# Is This A New Challenger to the World's Best Gaming Room Crown?



## TheBlueKnight (Feb 17, 2015)

Wow! Where do these people live and do they need another player (or two)?


----------



## Hand of Evil (Feb 17, 2015)

Okay, time for ENnie for best game room!


----------



## smiteworks (Feb 17, 2015)

I would definitely Take 20 searching that room for additional secret stashes.


----------



## Grand DM (Feb 17, 2015)

Smiteworks: That would be a good idea as there is other secrets not revealed


----------



## Superchunk77 (Feb 17, 2015)

This one wins because they have a replica Atlantean sword.


----------



## ss2020 (Feb 17, 2015)

OMG, WOW, this is so awesome. My vision for my room is now set higher.


----------



## ss2020 (Feb 17, 2015)

*Yes, this should happen.*



Hand of Evil said:


> Okay, time for ENnie for best game room!




We should find out who makes this decision and rally them to do this.


----------



## Raunalyn (Feb 17, 2015)

Ok...sorry....this one wins.

I SO want this game room!!


----------



## Kor (Feb 17, 2015)

The secret door seals the deal... we have a winner for the best game room!


----------



## Nebulous (Feb 17, 2015)

Wow.  I guess this means other establishments really need to raise the bar!

(FWIW, the coolest secret door i ever saw was a tardis door in the back of a closet that led to a secret third level of a house; something to keep in mind!)


----------



## Alarian (Feb 17, 2015)

Looks awesome, but a bit too perfect.  They need to throw a few parties in there and have a few barroom brawls to season the place up a bit.  A few bloodstains on the floor would authenticate it up a bit as well.


----------



## Jeremy E Grenemyer (Feb 17, 2015)

Makes me want to drink a beer and roll dice.


----------



## Eminence_Grise (Feb 17, 2015)

Where are the rpg books??


----------



## Grand DM (Feb 17, 2015)

Eminence_Grise said:


> Where are the rpg books??




We just had not unpacked them yet at the time of the original posting.


----------



## Maul (Feb 17, 2015)

You know what you need?....... A game table to go with that awesome game room.......I just happen to have one for sale.
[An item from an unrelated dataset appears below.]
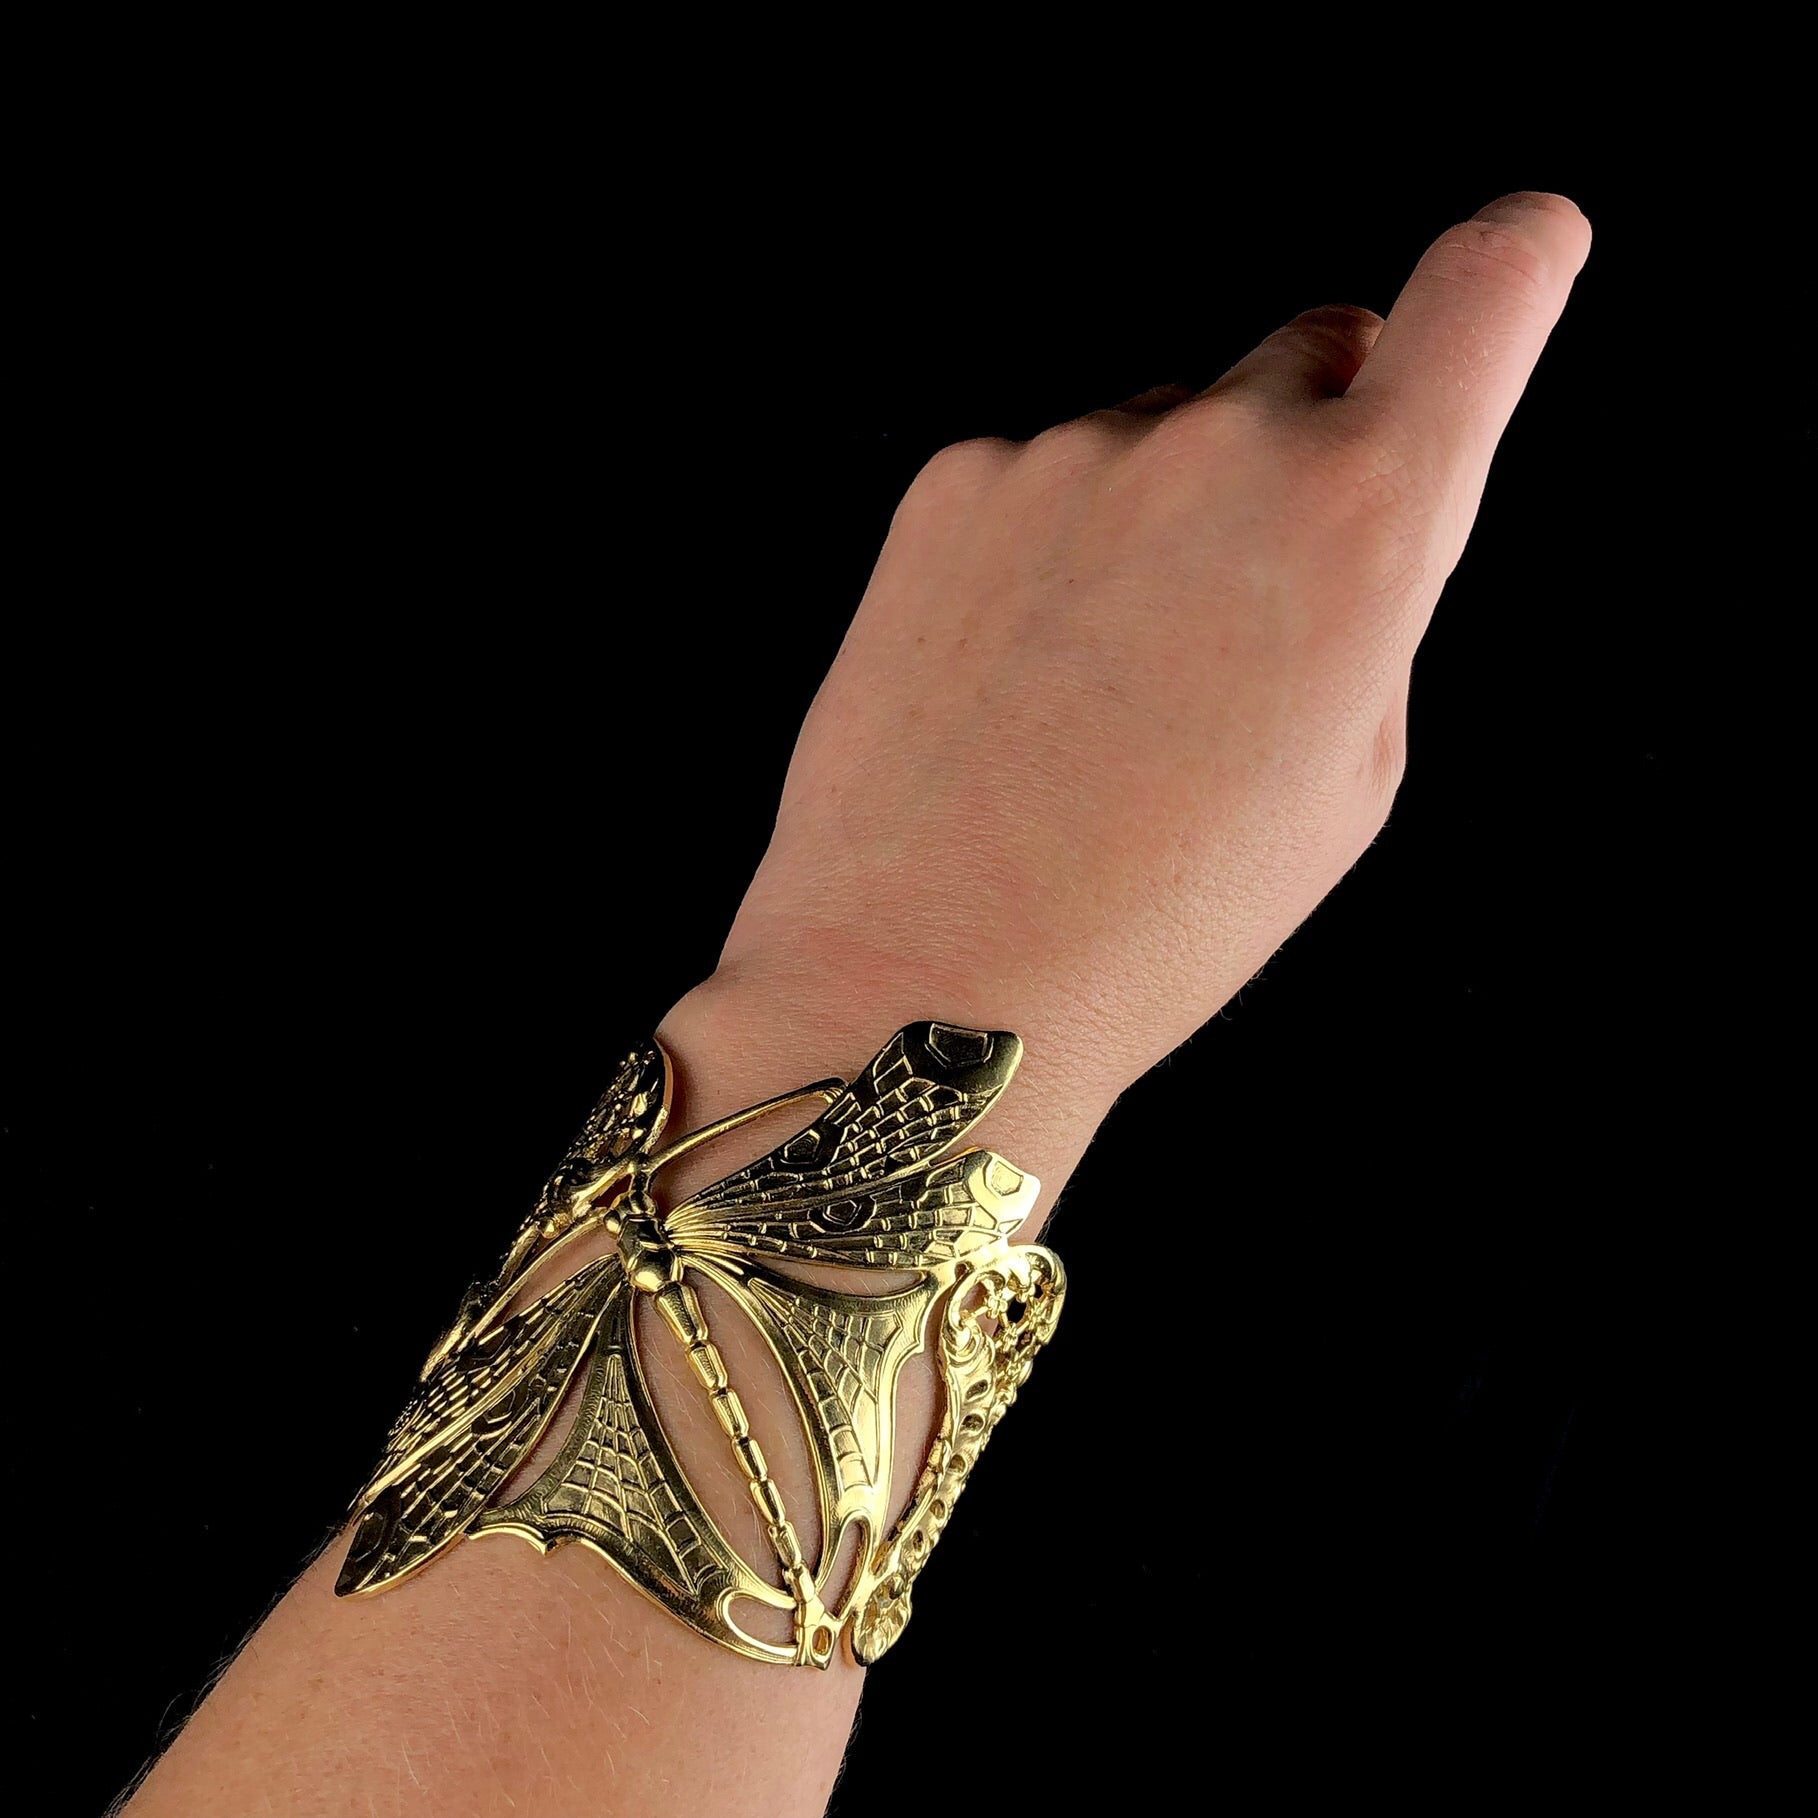 Gold Lace Dragonfly Cuff shown on wrist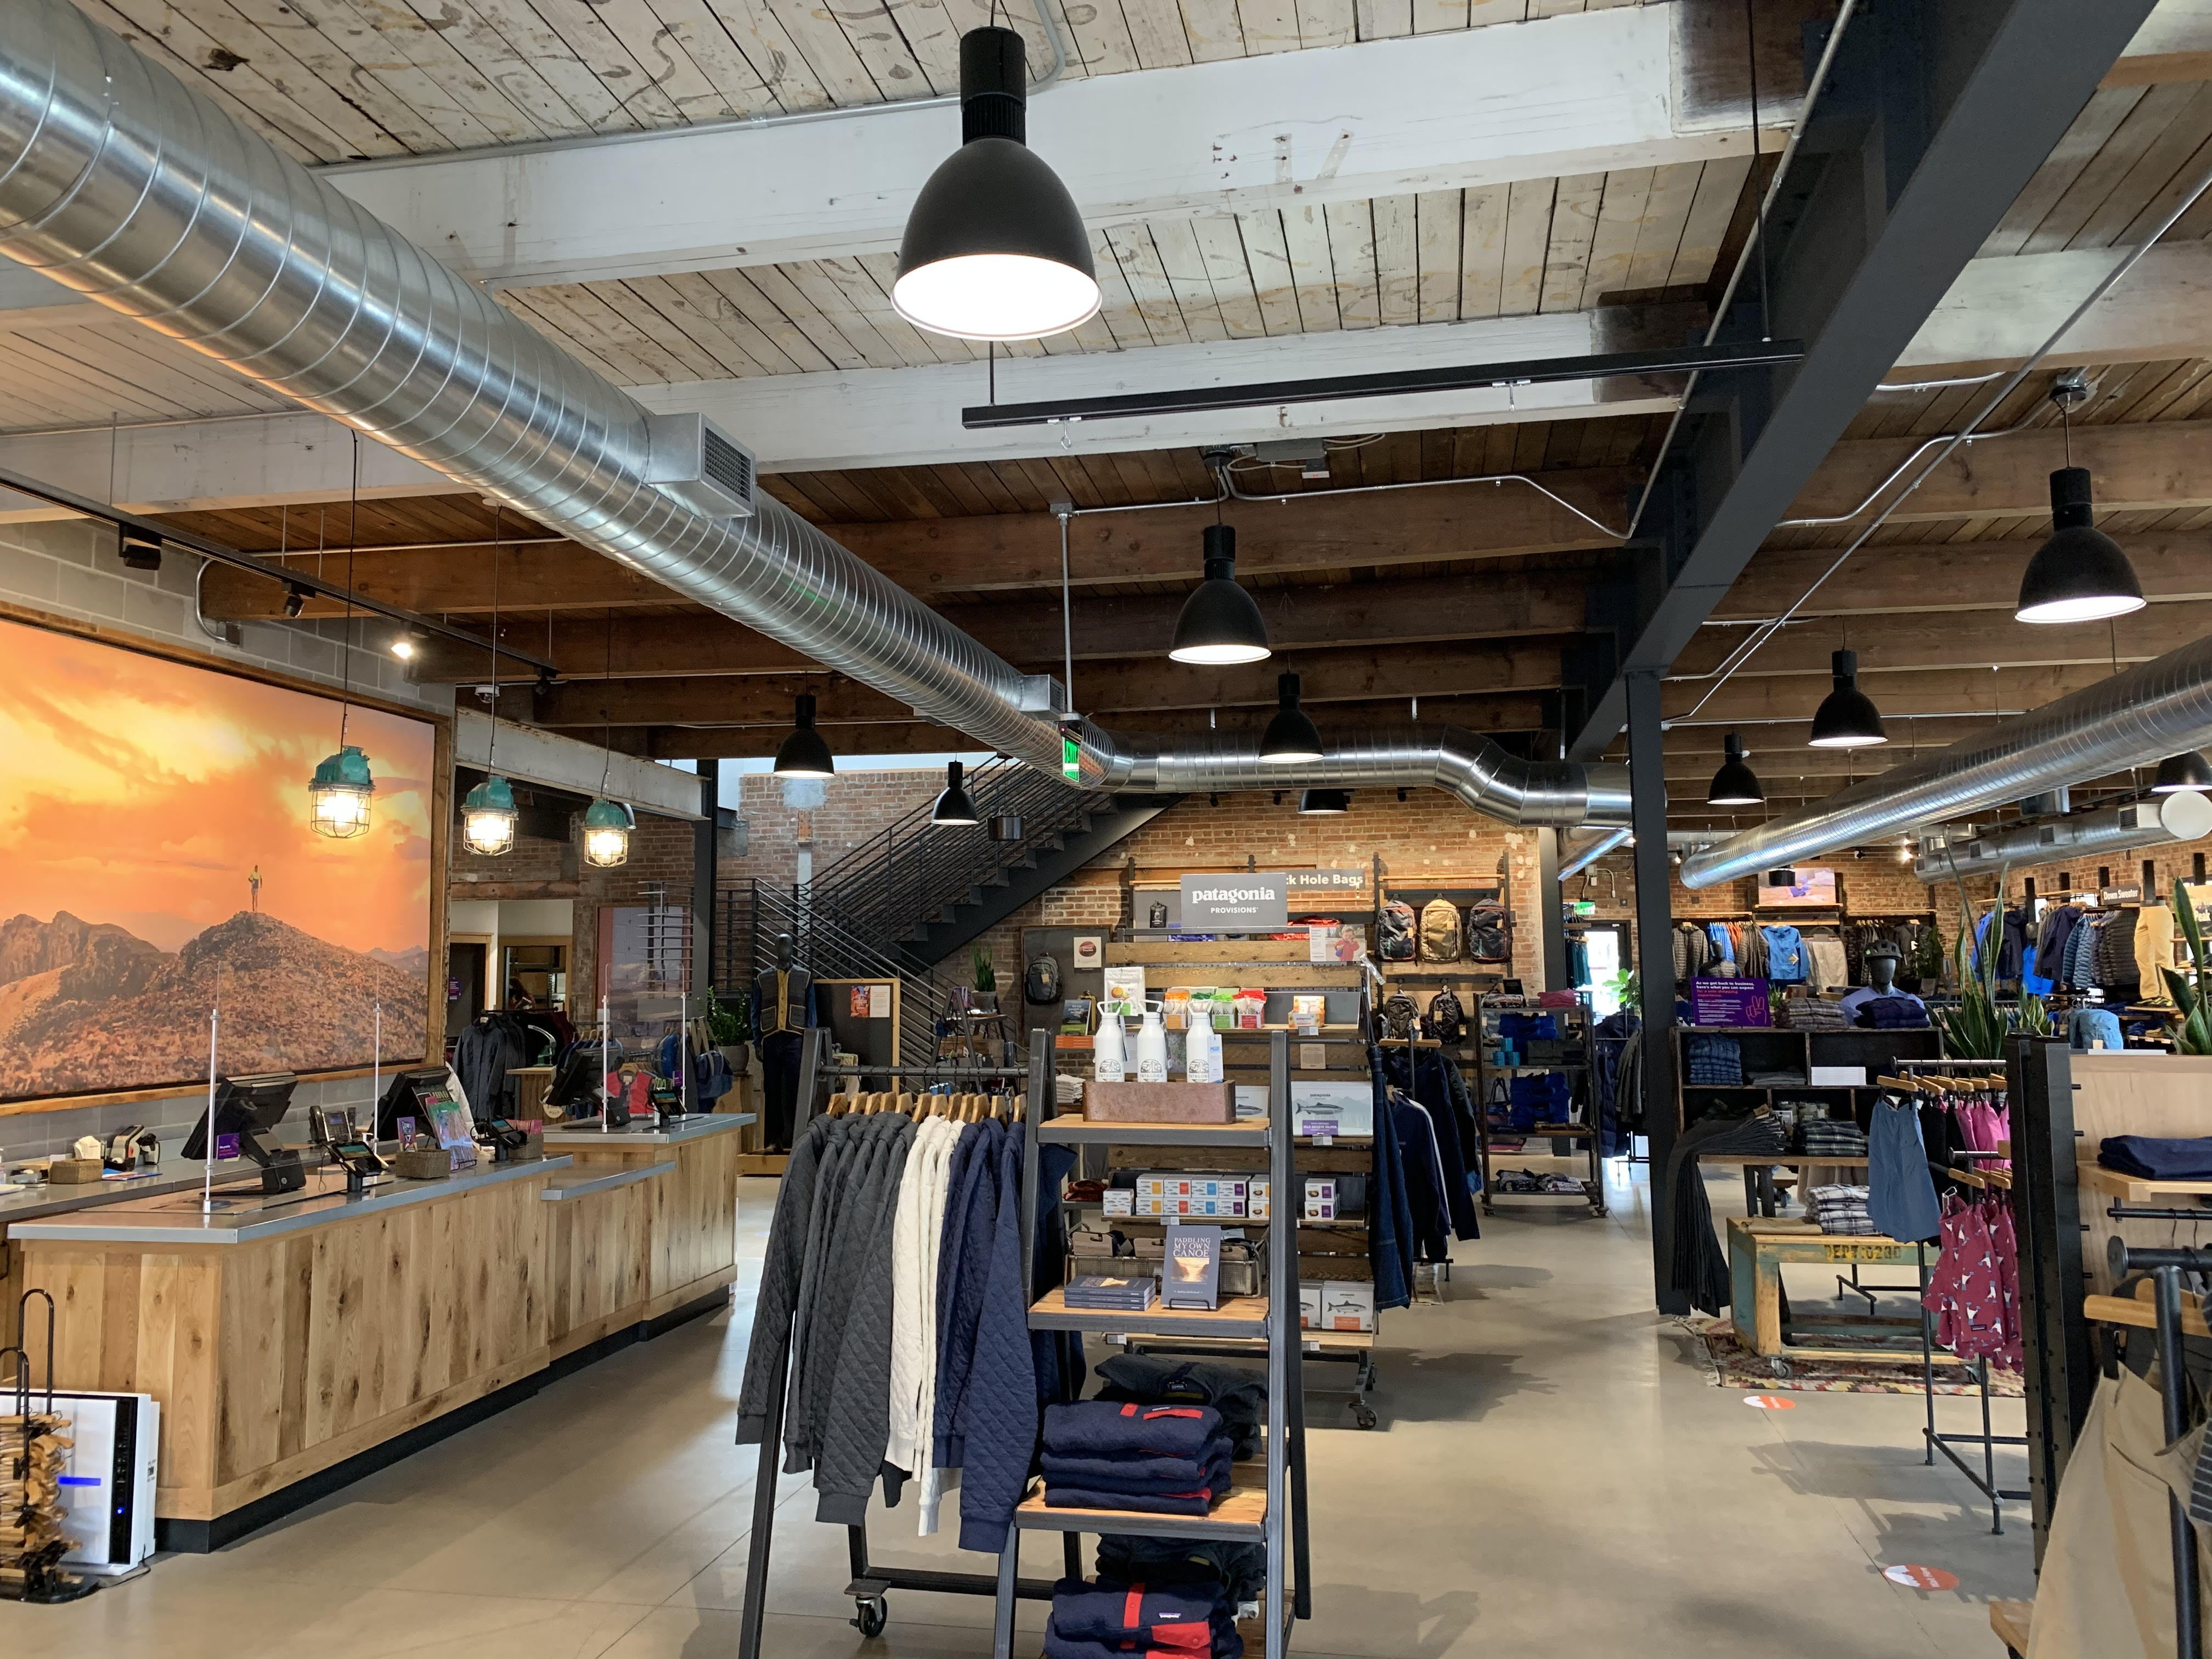 Photo of the interior of the Patagonia store in Denver.

Heres a pic of the table: 
	

	
	
		
		

		
		
	


	




I am asking $2800.

Its made of Oak.

Its a 40" LED TV

Oil paintings on the bottom panels. One of the oil painting is the Red Box cover.

Cup holders.

It even comes with its own side table to put your computer on and other DM-ing tools.....books.......... and dice.


----------



## Olaf the Stout (Feb 17, 2015)

That is very, very cool!


----------



## Maul (Feb 18, 2015)

*tha*

Thanks.

Took 2 years to build.

Mostly the cost was the reason why it took so long.


----------



## Icon_Charlie (Feb 18, 2015)

Considering my construction background (in my youth) this is a wonderful use of recycled material as well as functionality.  This took planning. Careful planning and skill. And if that flooring material is the same material that is on the walls?  I salute you.

Hell of a nice place to game.


----------



## lyle.spade (Feb 18, 2015)

As Master of the Internet (by self-proclamation), I hereby declare the challenger to be the NEW GREATEST GAMING ROOM! Consider the dignified, museum-like display of classic vintage books, the real bar, the open space (allowing for easy movement), and the SECRET FRIGGIN' STORAGE ROOM!

Is there any room for debate? NO. And if any of you are wondering, I just rolled a 20 on my Diplomacy, my Bluff, Intimidate, and got like 50 raises while running the test in Savage Worlds, and rolled 37 10s in a row for WOD.


----------



## Grand DM (Feb 18, 2015)

We recently added Durin's Door to one of the entrances to the Game Tavern:

View attachment 66935


----------



## baradtgnome (Feb 18, 2015)

Sir, your Game Tavern is outstanding.  I salute you, and am envious.


----------



## FighterMageThief (Feb 20, 2015)

Spectacular.  Best D&D room I have ever seen.


----------



## Eminence_Grise (Feb 21, 2015)

I showed the pictures to my wife, who is also a gamer. She was quite impressed! She asked me if I ever wanted to do something like that in the basement and I jumped on the occasion by saying suuuure. 

So thanks for starting the discussion for me.


----------



## was (Feb 22, 2015)

It's a very nice game room.


----------



## Grand DM (Feb 23, 2015)

Eminence_Grise said:


> I showed the pictures to my wife, who is also a gamer. She was quite impressed! She asked me if I ever wanted to do something like that in the basement and I jumped on the occasion by saying suuuure.
> 
> So thanks for starting the discussion for me.




Awesome! I hope the Game Tavern continues to inspire others to similar projects


----------



## Perram (Mar 10, 2015)

This is my favorite of the game rooms yet. Well done!


----------